My research has involved counting the checkouts from each dewey class in 100 blocks since 2005 till 2016. I always gathered the same information on item types being checked out. As technology has increased dramatically, did people checkout certain items that were not as accessible as just downloading from the internet? Did people stop getting videos and books because everything can be on any of your devices?

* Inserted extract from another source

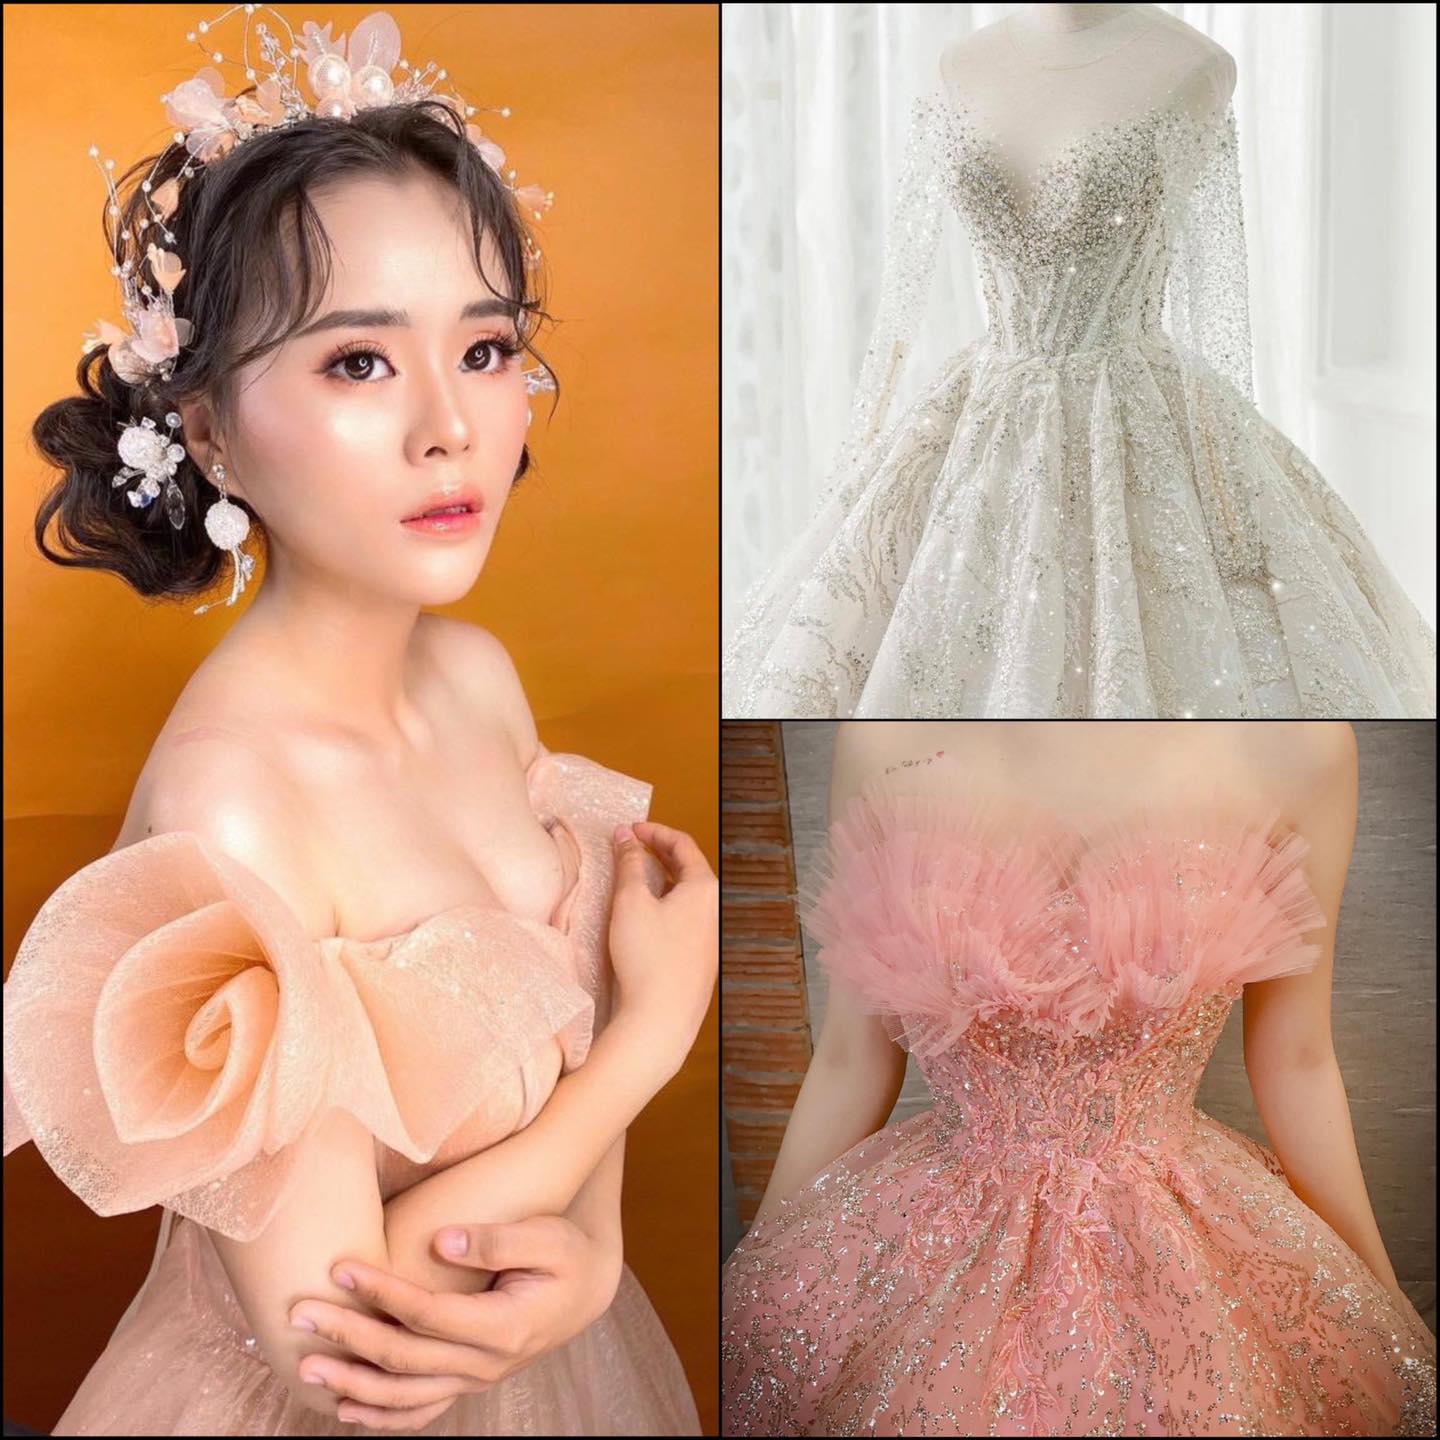 Top 7 tiệm trang điểm cô dâu đẹp nhất tại Tiền Giang -  Ray Bridal

I created a query that got all the months from 2005 to 2016, separated each dewey class, and the different item types. This query took 292 seconds (about 5 min.) and effected 144 rows.
Code: Select all
SELECT
year(cout),
COUNT(CASE WHEN deweyClass >= 000 AND deweyClass<100 THEN 1 END) as
Info,
COUNT(CASE WHEN deweyClass >= 100 AND deweyClass<200 THEN 1 END) as
Phil_Psych,
COUNT(CASE WHEN deweyClass >= 200 AND deweyClass<300 THEN 1 END) as
Religion,
COUNT(CASE WHEN deweyClass >= 300 AND deweyClass<400 THEN 1 END) as
SS,
COUNT(CASE WHEN deweyClass >= 400 AND deweyClass<500 THEN 1 END) as
Lang,
COUNT(CASE WHEN deweyClass >= 500 AND deweyClass<600 THEN 1 END) as
Science,
COUNT(CASE WHEN deweyClass >= 600 AND deweyClass<700 THEN 1 END) as
Tech,
COUNT(CASE WHEN deweyClass >= 700 AND deweyClass<800 THEN 1 END) as
Arts,
COUNT(CASE WHEN deweyClass >= 800 AND deweyClass<900 THEN 1 END) as
Lit,
COUNT(CASE WHEN deweyClass >= 900 AND deweyClass<1000 THEN 1 END) as
History,
SUM(CASE WHEN itemtype = 'accas' OR itemtype = 'arcas' OR itemtype = 'bccas' OR itemtype = 'jccas' OR itemtype = 'jrcas' OR itemtype = 'accd' OR itemtype = 'arcd' OR itemtype = 'jccd'
OR itemtype = 'jrcd' OR itemtype = 'accdrom' OR itemtype = 'arcdrom' OR itemtype = 'bccdrom'
OR itemtype = 'drcdrom' OR itemtype = 'jccdrom' OR itemtype = 'acdisk' OR itemtype = 'ardisk' OR itemtype = 'jrdisk' OR itemtype = 'acdvd' OR itemtype = 'ardvd' OR itemtype = 'bcdvd'OR itemtype = 'jcdvd' OR itemtype = 'jrdvd' OR itemtype = 'xrcdrom' OR itemtype = 'ucflpdr' THEN 1 ELSE 0 END) AS Media,
SUM(CASE WHEN itemtype = 'acvhs' OR itemtype = 'alvhs' OR itemtype = 'bcvhs' OR itemtype = 'blvhs' OR itemtype = 'jcvhs' OR itemtype = 'jlvhs' OR itemtype = 'jrvhs' OR itemtype = 'xrvhs' OR itemtype = 'scmed' OR itemtype = 'acvid' THEN 1 ELSE 0 END) AS Video,
SUM(CASE WHEN itemtype = 'acbk' OR itemtype = 'arbk ' OR itemtype = 'bcbk' OR itemtype = 'drbk' OR itemtype = 'jcbk' OR itemtype = 'jrbk' OR itemtype = 'bccd' THEN 1 ELSE 0 END) AS Book
FROM spl_2016.inraw
WHERE year(cout) >= "2005" and year(cout) < 2017
GROUP BY year(cout), month(cout)
ORDER BY year(cout);
Analysis: The picture illustrates the color going from black to green to a light blue to a bright pink to a dark purple and then almost black again. The more transparent boxes mean that there was less amount of items being checked out during that time period. Around 2009 is when the most book were checked out, so it is clear why the transparency is the brightest. As it goes towards 2016, it almost becomes a dark blue/purple because less people are checking out media item types. At the beginning is the only time we see the green because that was the most videos checked out. I would like to create more interactions that can show better what this graph is representing. I was thinking of adding a key where when you pressed each color it described why that box is that certain color and transparency.